Penn National reported a quarterly bump of $1.17 per share, surpassing estimates of 90 cents. There was also quarterly revenue of $1.55 billion, which exceeded expectations of $1.45 billion.
Penn National shares were up around 7 percent as of Thursday afternoon.
A sports betting mega deal a long time in the making?
TheScore’s sportsbook is already live in four U.S. states, and is eager to grow in Canada.
"This really is a transformational deal," Levy said via Thursday’s conference call with analysts. "We've admired how Penn has strategically built their business. When this opportunity arose, it was clear that there was a natural alignment."
There was an already-existing partnership between Penn and theScore. That partnership allowed theScore to operate in the U.S. gambling space via casinos and racetracks operated by Penn National.
Portnoy said he’s been a user and a fan of theScore for a decade or more.
“When they said, ‘Is there anybody else that you guys think you're synergistic with that could really grow exponentially what you're doing?’ My answer was theScore. So Erika and I met with John way back and had a meeting. We didn't have the resources at the time to pull it off. But I think what makes Barstool successful and what has made the Barstool and Penn relationship work is we really know the market.
We know the gambling space, we know sports gambling. And I've been a user of theScore for — I don't even know how long I was trying to check when I installed the app on my phone. It's got to be 10, 15 years. So we're super excited. …
“It's been a long time coming. It just fits so perfectly. I've said all along, the company … that I would want to work with is theScore."
Levy began theScore about 25 years ago with a cable TV channel.
In-game sports betting to be key in push to bring billions in revenue to Canada
Thursday's news release revealed that Penn will allow the Levy family to run theScore as a stand-alone business in Toronto.

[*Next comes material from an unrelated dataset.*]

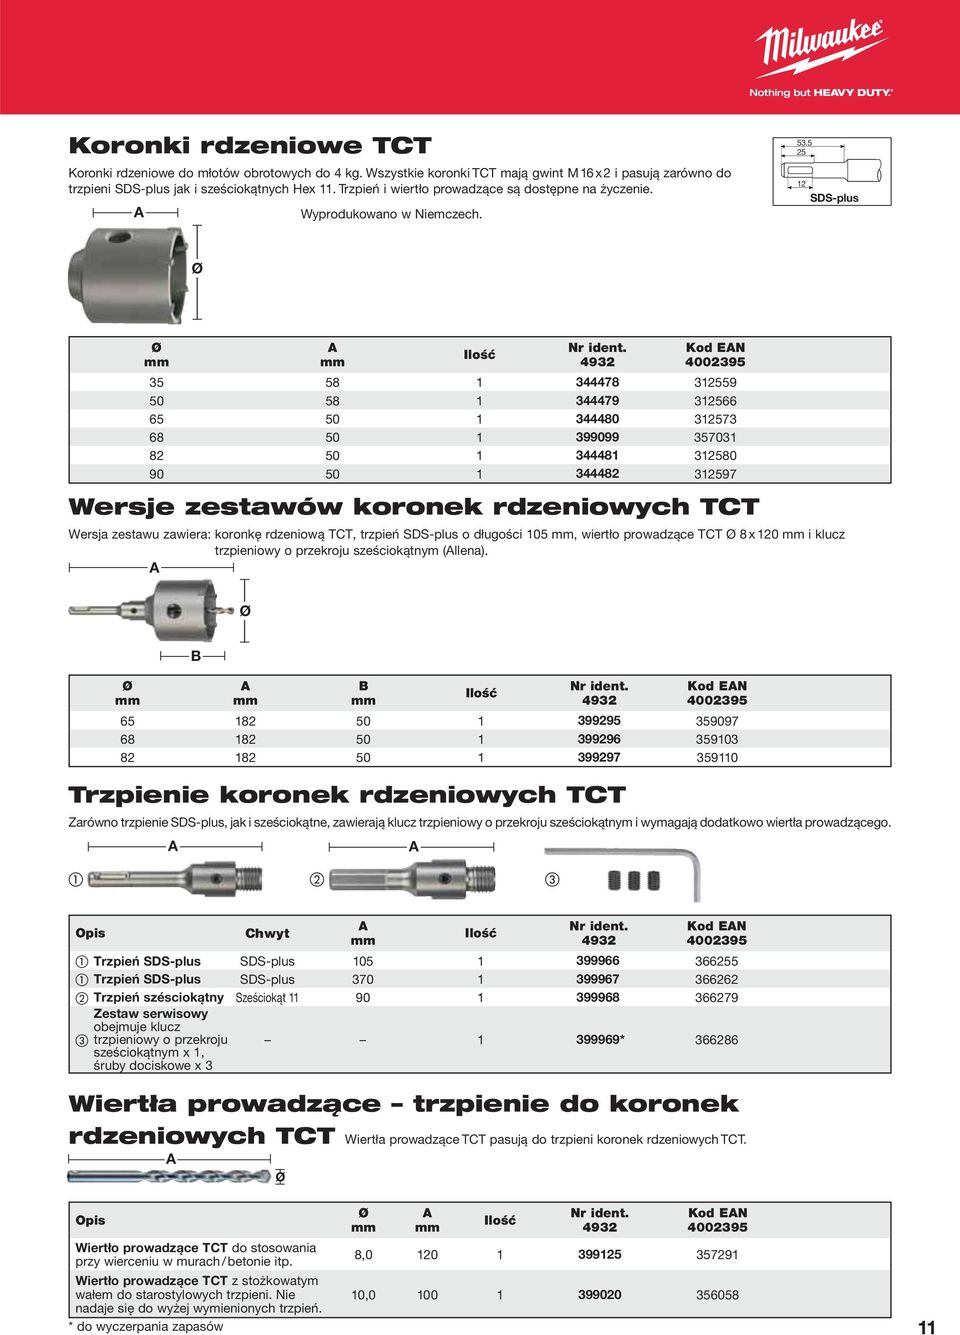 5 25 12 SDS-plus Wersje zestawów koronek rdzeniowych TCT Wersja zestawu zawiera: koronkę rdzeniową TCT, trzpień SDS-plus o długości 105, wiertło prowadzące TCT 8 x 120 i klucz trzpieniowy o przekroju

The companies believe that the user experience will become greatly improved. It will include a focus on emerging technology such as live in-game betting.
A report from Tampa Bay Journal Business detailed theScore’s past 10-15 years:
TheScore transitioned into its role as a digital-based outlet in 2012 when it sold its broadcast business to Rogers Communications for $167 million. It built a sports gaming and media division and attempted to leverage its mobile app user base into a competitive sports betting business. The company launched theScore Bet app for mobile wagers in 2019, and this year made its debut on the Nasdaq.
While discussing theScore’s future last March, Chris Lencheski, the chairman of private equity consulting company Phoenicia Lencheski, warned the dollar average to acquire a new customer would begin to weigh on firms with little capital and would drive acquisitions and mergers over the next 24- to 48 months.
Score Media and Gaming estimates its home market can grow to $5.4 billion, and the Ontario market alone could reach $2.1 billion by 2025. According to Bloomberg, Canadians place over $7 billion in illegal wagers since sporting gambling in the country is mainly limited to horse racing.
The blockbuster deal from Levy, Portnoy and Snowden will be closely watched as companies on the sports-betting periphery consider new ways to increase revenues and opportunities for their customers.